## MATERIAL FOR THIS TASK:

______

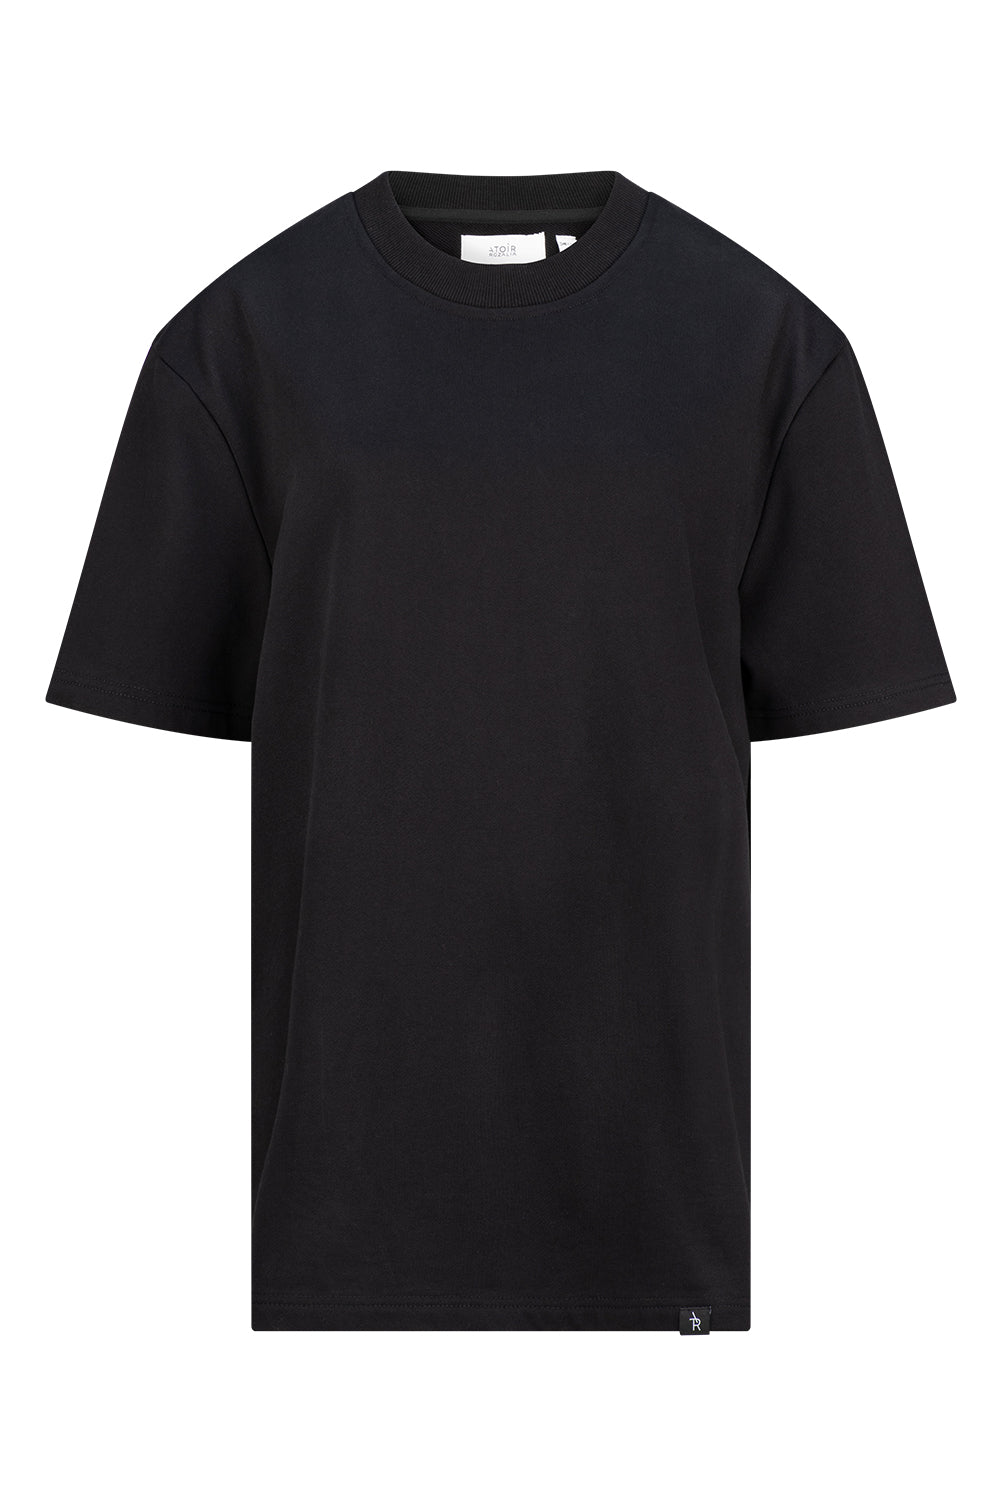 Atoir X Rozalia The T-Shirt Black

______

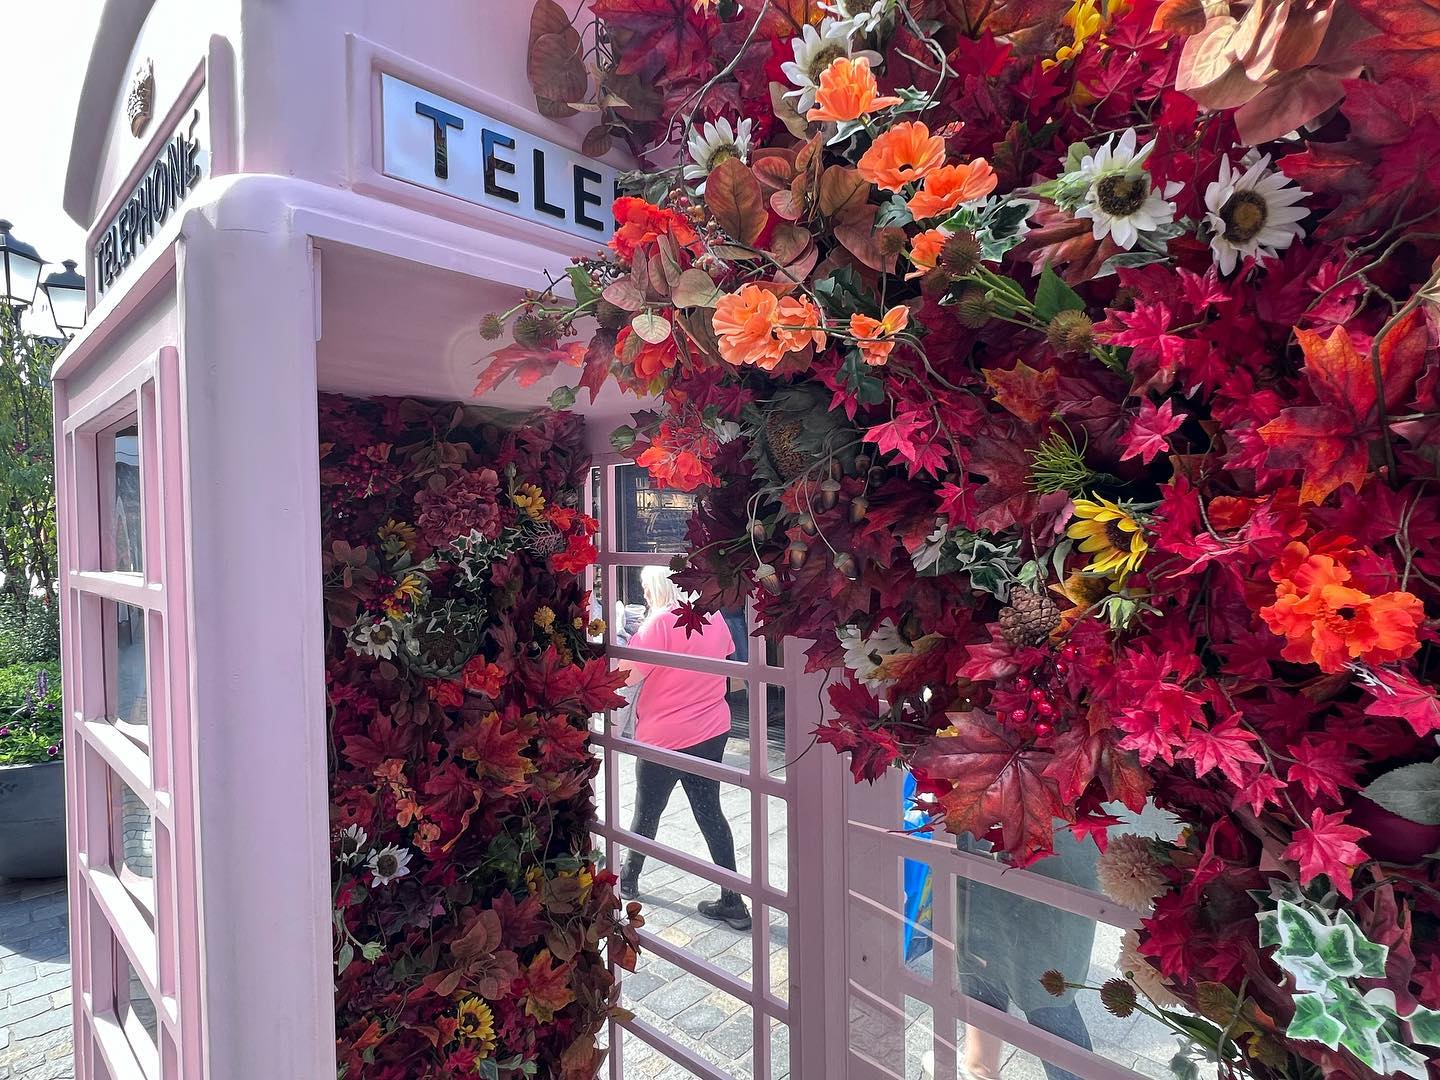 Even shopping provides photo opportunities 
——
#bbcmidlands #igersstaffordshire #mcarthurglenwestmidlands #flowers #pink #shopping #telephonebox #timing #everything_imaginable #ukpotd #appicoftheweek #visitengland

______

## WORK REQUEST:
Output only the lines above from the line that holds "Even shopping provides photo opportunities" through the line that holds "#bbcmidlands #igersstaffordshire #mcarthurglenwestmidlands", both ends included, and exclude pictures.

## ANSWER TO THE PROBLEM:
 Even shopping provides photo opportunities 
——
#bbcmidlands #igersstaffordshire #mcarthurglenwestmidlands #flowers #pink #shopping #telephonebox #timing #everything_imaginable #ukpotd #appicoftheweek #visitengland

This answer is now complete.